Y recuerde que la carne no sólo aporta calorías. La carne también fue fundamental para el cerebro humano, ya que proporcionó importantes nutrientes que nos permitieron desarrollar unas máquinas pensantes tan complicadas, exigentes desde el punto de vista nutricional y quisquillosas.

Incluso hoy en día, los alimentos de origen animal siguen proporcionando nutrientes importantes para la salud mental, algunos de los cuales sólo se encuentran en los alimentos de origen animal (o se encuentran en cantidades tan pequeñas en los alimentos de origen vegetal que realmente no cuentan). La vitamina B12 es un buen ejemplo: es fundamental para el funcionamiento saludable del cerebro y sólo se encuentra en la carne, los huevos y los lácteos. No hay fuentes veganas naturales de vitamina B12: los veganos tienen que tomar suplementos sintéticos. El marisco también aporta importantes nutrientes para el cerebro, como las grasas omega-3.
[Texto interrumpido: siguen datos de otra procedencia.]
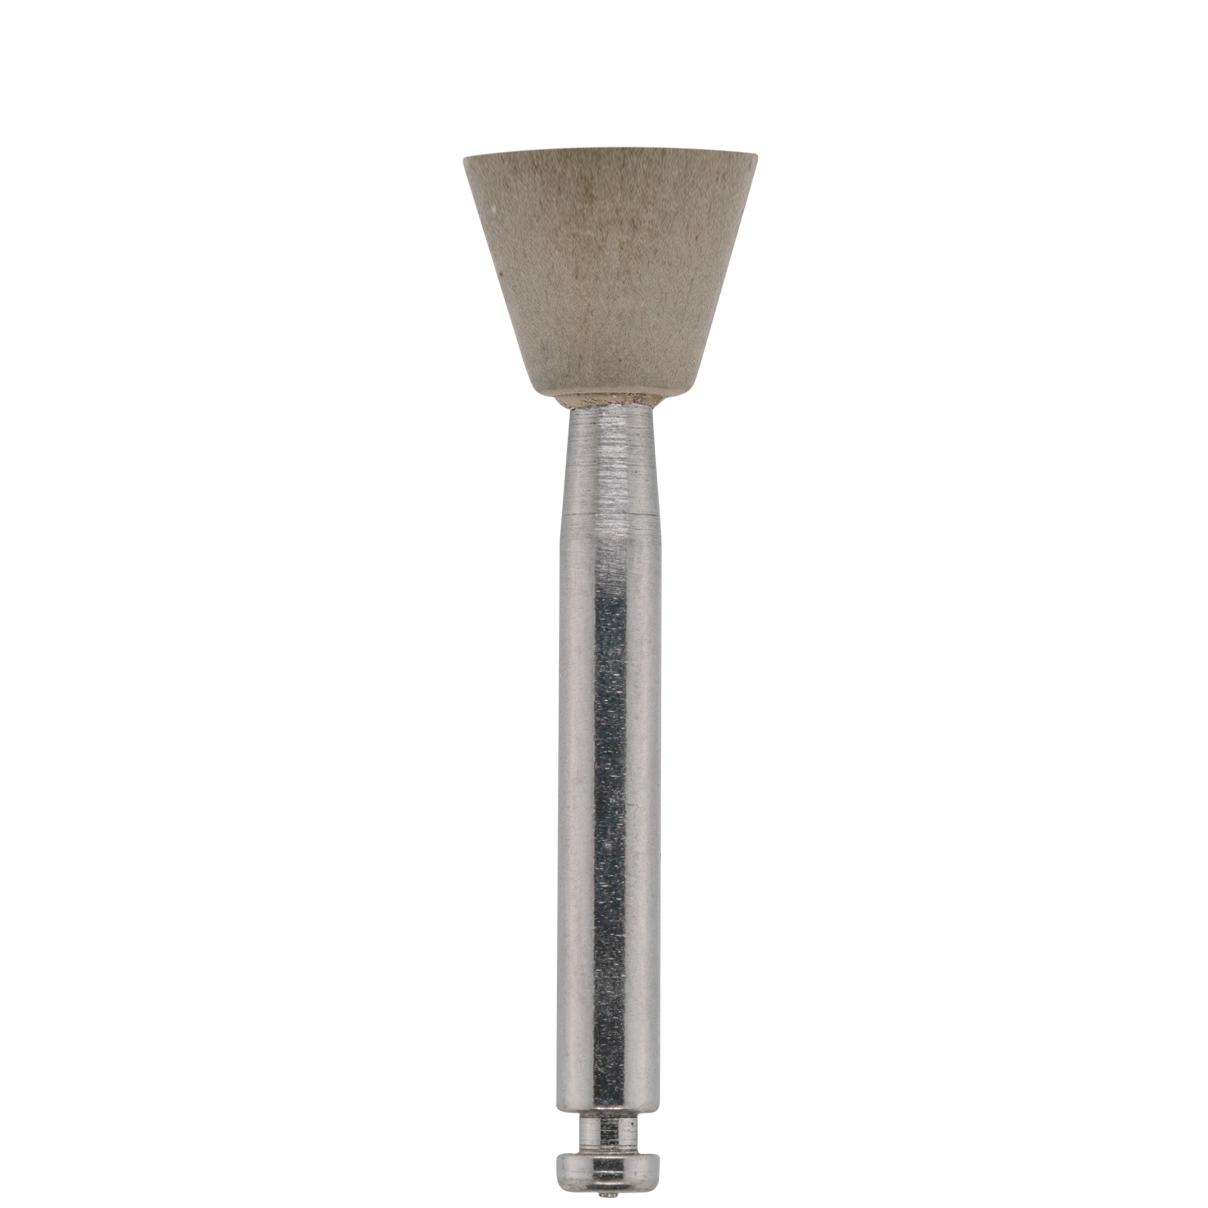 Meulette Cerapol Plus, gris, RA-0334 Grain fin - Ø8,6/7,2 mm, cône inversé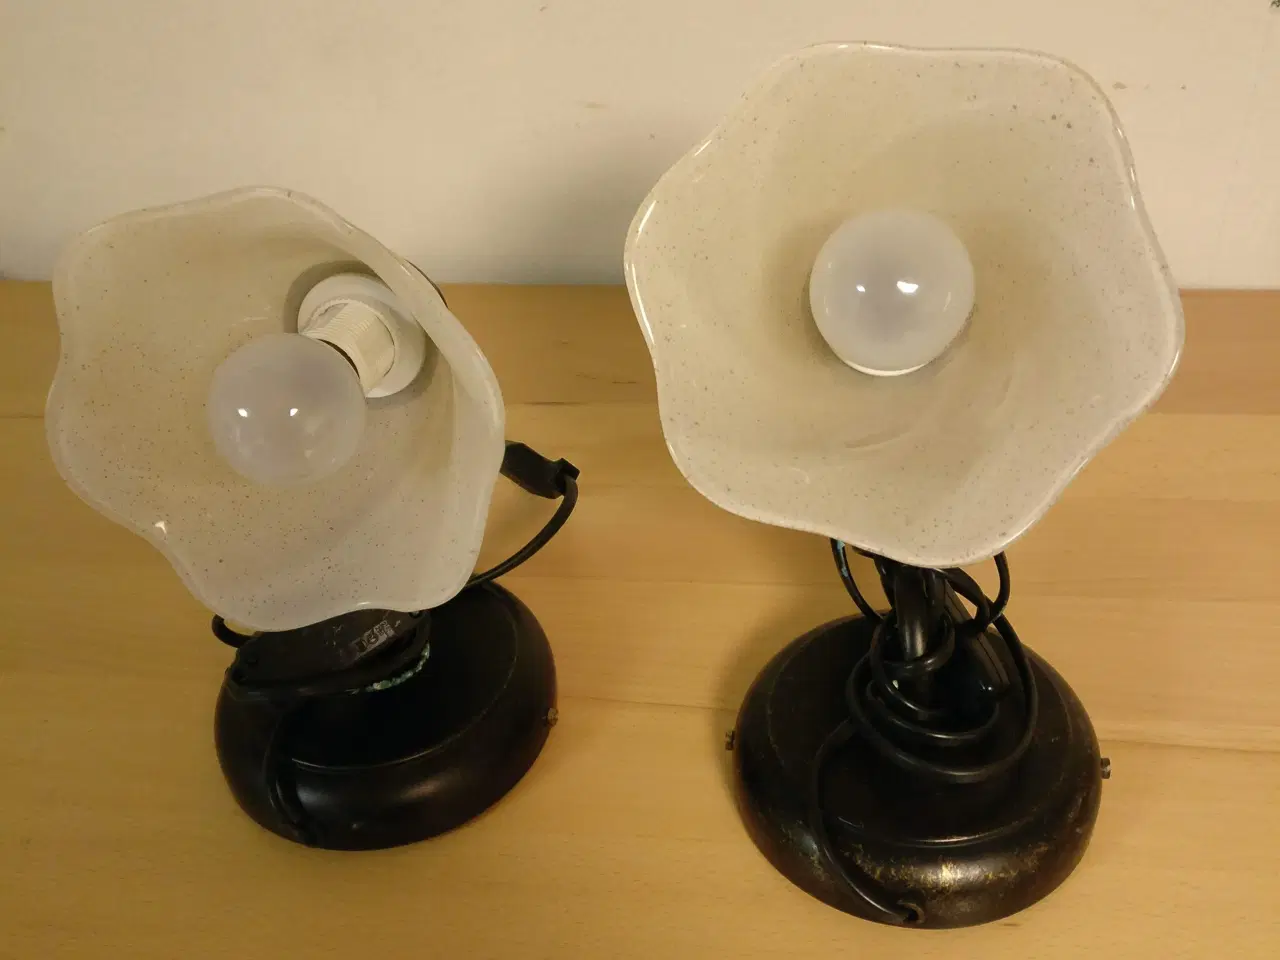 Billede 1 - 2 fine lampetter sælges

Es posible obtenerlos a través de suplementos, pero todavía no somos muy buenos en la elaboración de los suplementos adecuados. Por ejemplo, los suplementos de omega-3 ni siquiera se acercan a los beneficios para la salud de comer pescado real. Los alimentos de origen animal con los que evolucionamos siguen teniendo ventaja incluso sobre los mejores sustitutos nutricionales que podamos inventar.

Por ahora, al menos, la carne sigue siendo un alimento para el cerebro

Tal vez en el futuro, se inventen suplementos tan buenos que nos den todos los beneficios de los alimentos animales en una píldora, sin ninguno de los problemas de las granjas industriales, el metano o la sobrepesca. Pero nuestros cerebros evolucionaron gracias a los alimentos de origen animal y, por ahora, los alimentos de origen animal parecen ser nuestra mejor opción para mantenerlos felices.